Total Throughput of Persistent Data Structures vs. Locking

I wonder if anyone has done a study on this. Let’s imagine a 64 core server (8 CPUs with 8 cores each) and think what would happen in the following 2 scenarios:

1) We use persistent data structures (PDS) so each core can go on its merry way without having to worry about about concurrency that much except perhaps at some integration point or something else.

2) Each core will request a lock on what it needs when it needs to, then immediately move on to other work while it waits to receive the lock.

There are some assumptions here: that we do have a situation where the PDS case has been structured such that it doesn’t have dependencies, and that there is useful work for every core to do while waiting for locks.

Is it reasonable to do useful work while waiting for lock? If not, we’ll have to take the case where we have to wait for locks synchronously.
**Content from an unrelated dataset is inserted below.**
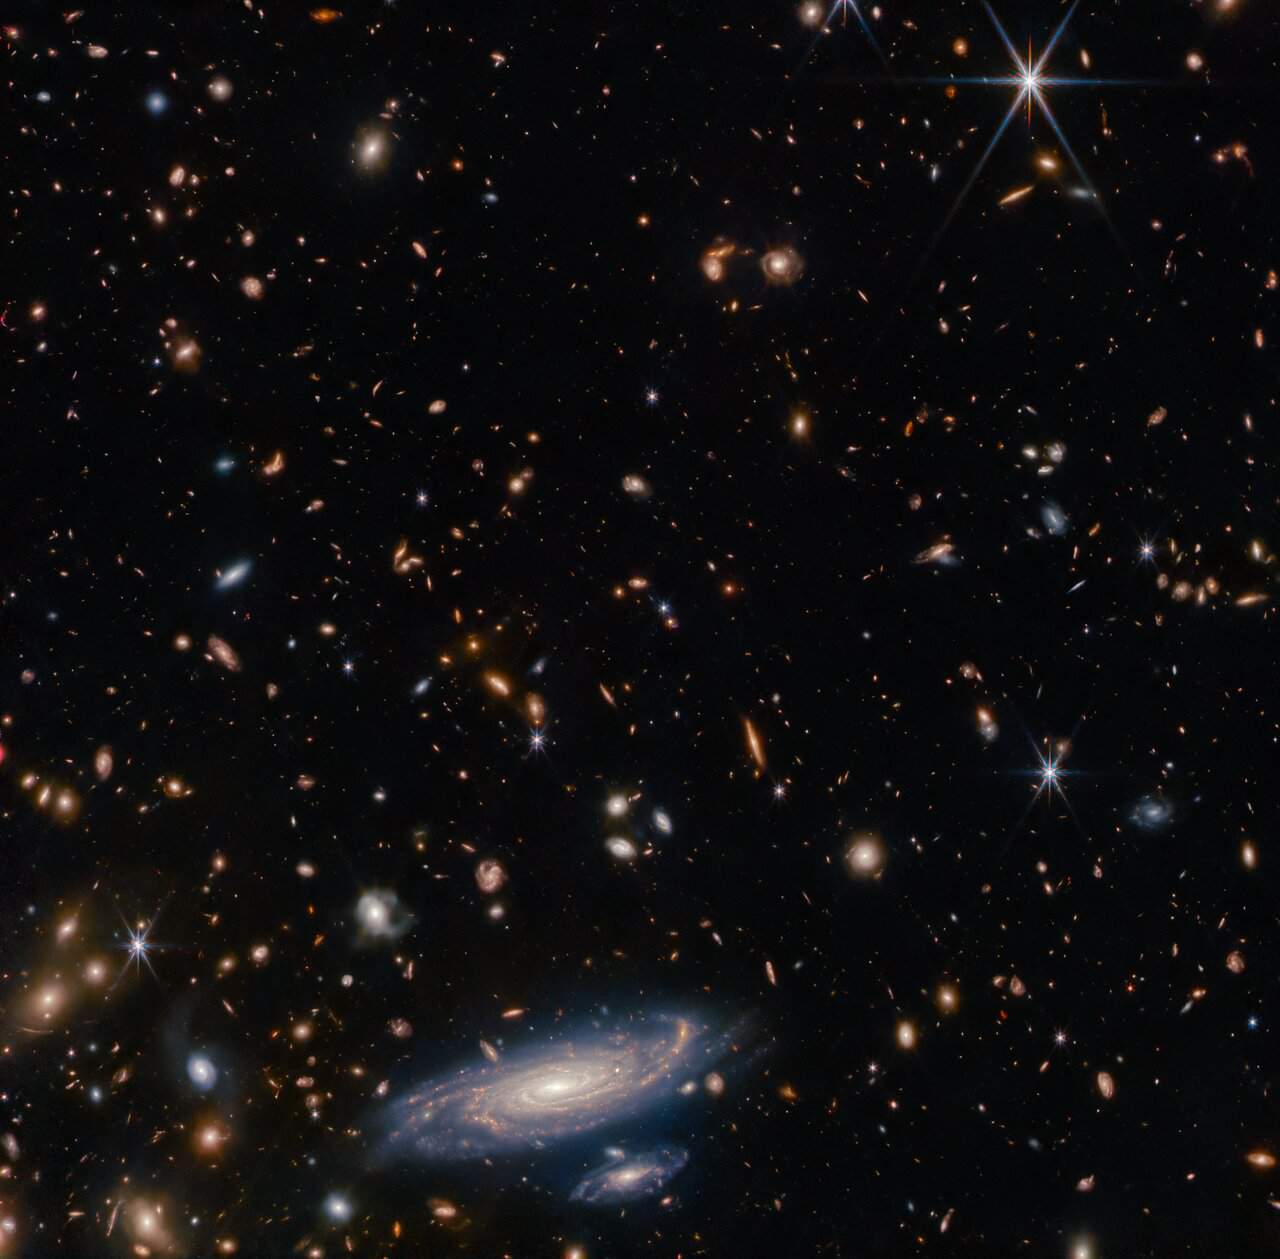 ジェイムズ・ウェッブ宇宙望遠鏡が10億光年離れた渦巻き銀河の詳細画像を公開

Either way, which would be greater: the overhead in managing locks, or the overhead in the more expensive operations on PDS vs. mutable data structures?

This question probably really needs a very specific case to talk through, but it’s something that just occurred to me.

When I have a large mutable structure and am approaching it in a PDS way, I would stick it in one place, probably owned by a single thread and all change requests handled by it. Then it sends out updates. This model works very well  because those updates it sends out are immutable so the receivers of the updates never have to synch on the data they receive. In a destructive update case, it would have to do a defensive copy to avoid the synch which would be much more expensive. But would a lock be less expensive?

If we think in terms of threads never blocking by just switching to other useful work–is it possible to have higher throughput this way? Though I could see how things could get extra messy… not sure.